Luke makes reference to both Israel's Scriptures and the previous narrative in Acts in order to show that Acts 10:28a is at odds with prior revelation. The many intertexts from Jonah LXX in Acts 9–10 remind the reader that God had already made a way for Gentile repentance and inclusion with the Ninevites. To the extent that Peter represents a new (more recalcitrant) Jonah, and Cornelius represents a new (more righteous) version of the Ninevites, Peter's resistance to Jewish-Gentile relations mirrors the similar resistance in Jonah. Luke also cites from Deuteronomy 10:17–19 in order to reiterate God's impartiality that was in place long before the emergence of Christianity.
Philip's baptism of the Ethiopian eunuch further problematizes Peter's claim about Jewish disassociation from Gentiles. Peter recapitulates much of Philip's encounter with the Ethiopian, but his exclusionary posture towards Cornelius diverges from Philip's earlier acceptance of the eunuch. Most strikingly, whereas Philip “approaches” and “clings to” the Ethiopian's chariot (Acts 8:29), Peter claims that to approach or cling to a Gentile is unlawful (10:28a). This terminology also recalls the Israelite Boaz's request that the Moabite Ruth cling to his young women and approach his table (Ruth LXX 2:8, 14). Thus, Peter's exclusionary comments in Acts 10:28a are at odds with Israel's Scriptures as well as Acts itself.
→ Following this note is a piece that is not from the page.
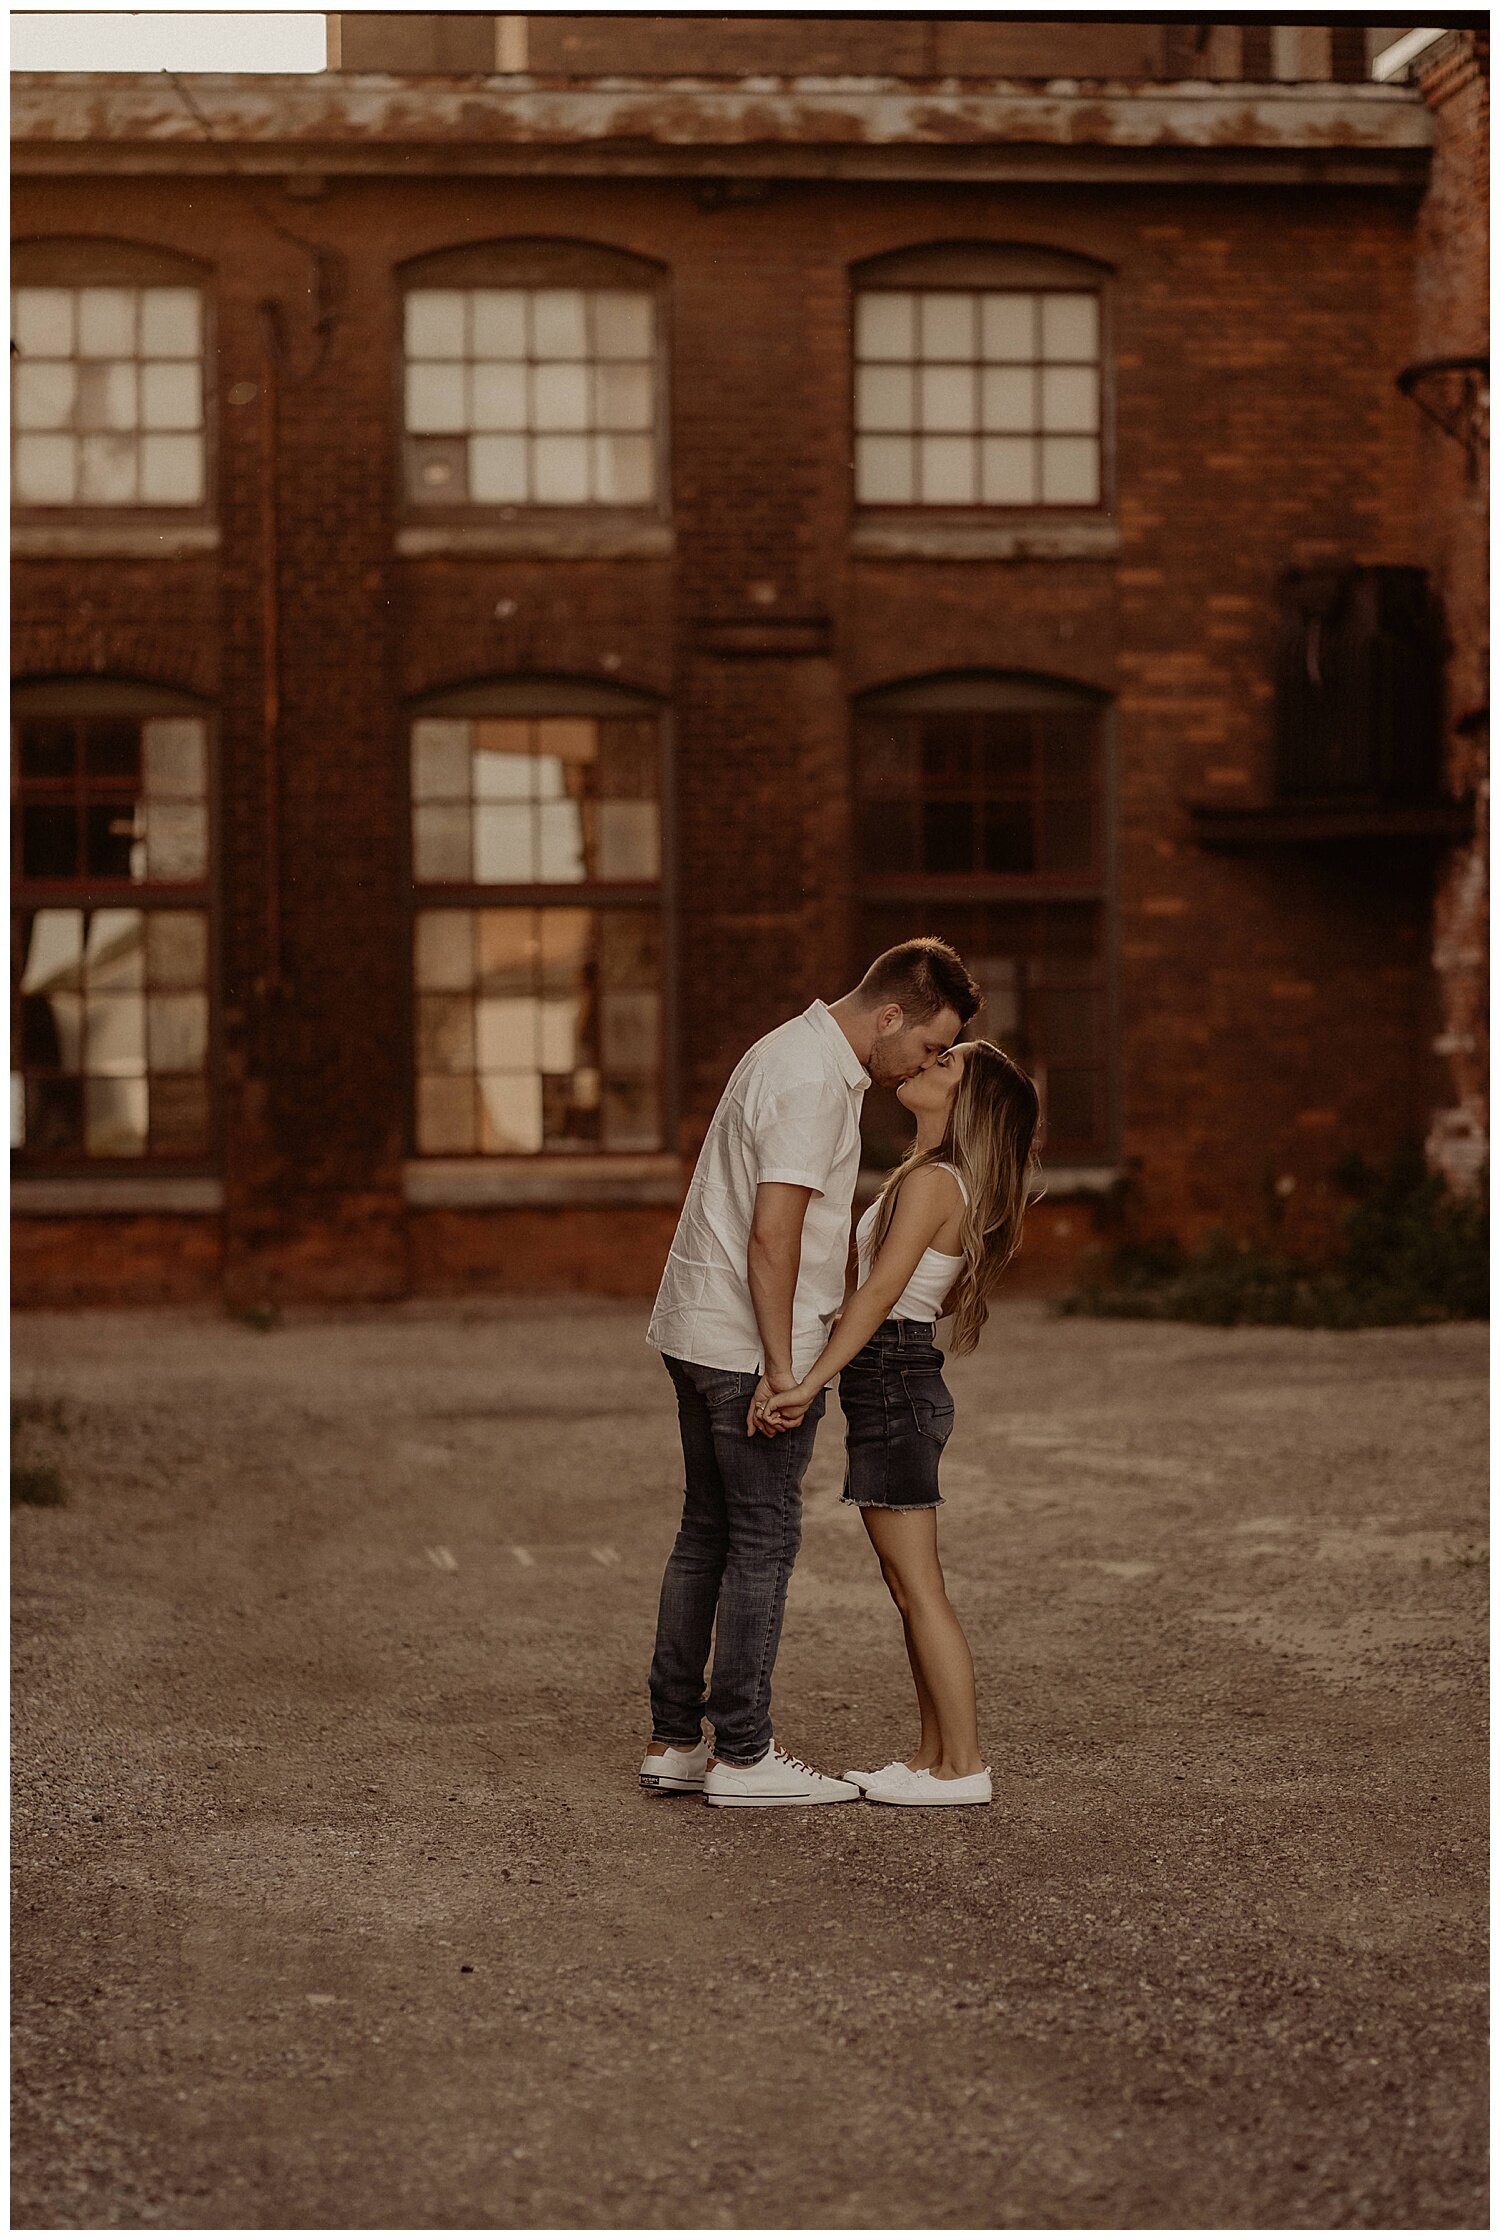 Cotton_Factory_And_Waterfall_Engagement_Session_Hamilton_Ontario_Wedding_Photographer_0009.jpg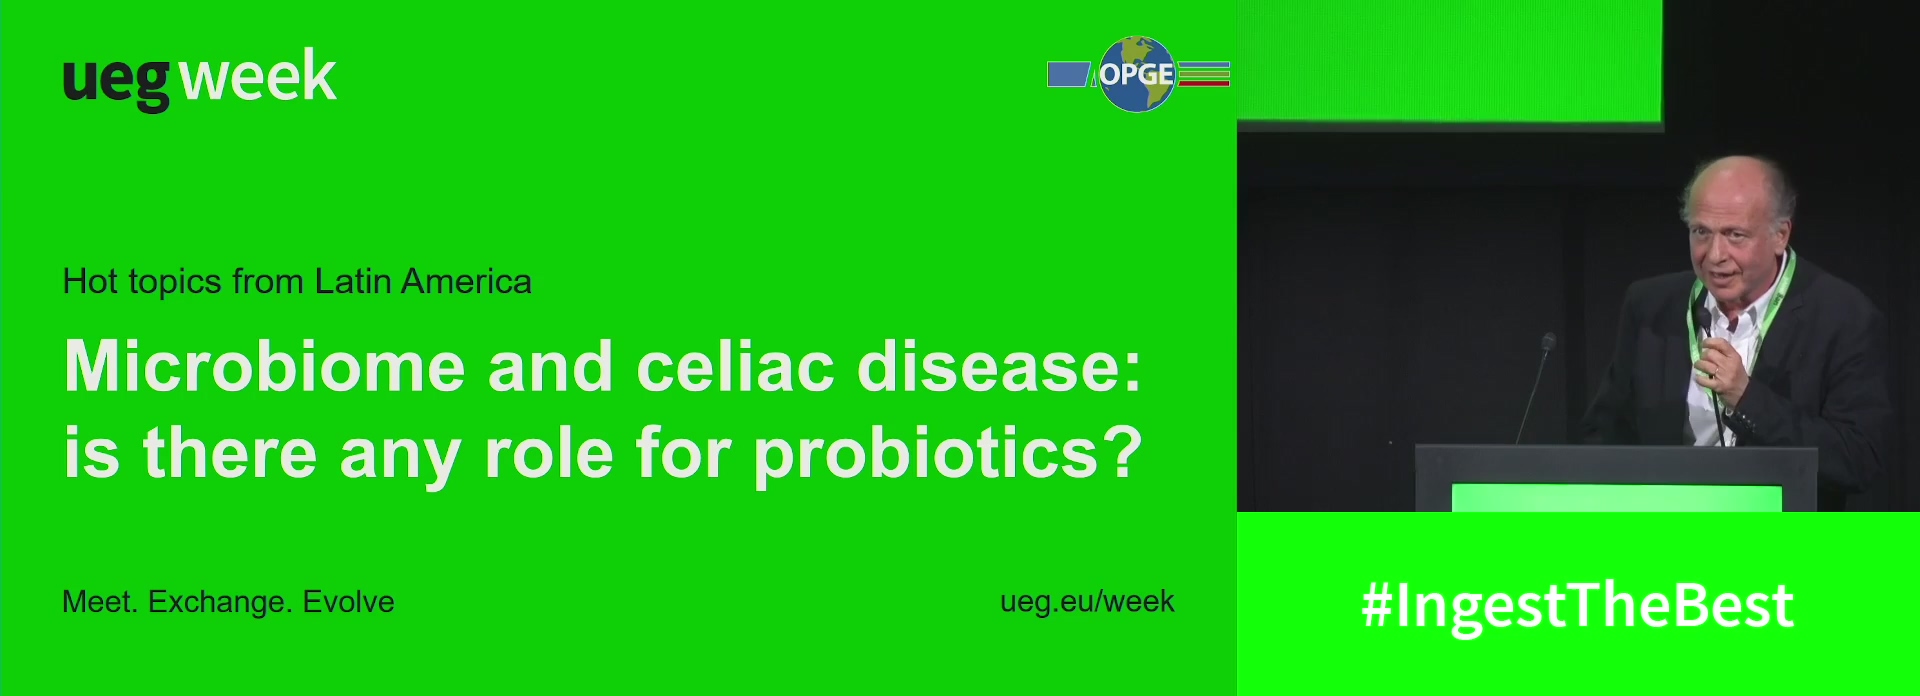 Microbiome and celiac disease: Microbiome and celiac disease: is there any role for probiotics?

The Holy Spirit's interruption of Peter's speech about Cornelius recalls similar interruptions at the Transfiguration (Luke 9:28–36) and courtyard denial (Luke 22:54–62); just as the interruptions in Luke's Gospel reflect Peter's deficiencies as a disciple, the Spirit's intrusion into Peter's speech in Acts rules out his role as an apostle to the Gentiles. After Peter presents himself as the initiator of the Gentile mission in Acts 15, Luke calls Peter “Simeon” in order to recall the Simeon who attests to Gentile salvation in Luke 2, and thereby undermine Peter's claims to evangelical primacy vis-à-vis Gentiles. More, Simeon's declaration echoes the prophecies of Gentile inclusion in Isaiah—prophecies that Paul and Barnabas also quote with reference to their work among Gentiles—that make Peter's claim to inclusive innovation even more of an historical impossibility. James's citation of Amos's prophecy that “all the Gentiles will seek the Lord” (Amos 9:12; Acts 15:17) marks the culmination of Luke's challenge to Peter's self-identification as the first evangelist to the Gentiles.
Thus, the scholarly tendency to describe the Cornelius event as marking a brand new horizon in Jewish history does not account for the intertextual information that Luke provides. According to Luke, Acts 10:28a is not—and has never has been—an accurate summary of Jewish-Gentile relations. The goal of the verse is not to usurp an exclusive Judaism with an inclusive early church, but rather to isolate a problem with Peter's view of Gentiles. While Peter may have been astonished to learn that he “should not call any person common or unclean” (10:28b), it is this very astonishment that highlights his limitations as an apostle to the nations and necessitates Paul's takeover of the Gentile mission.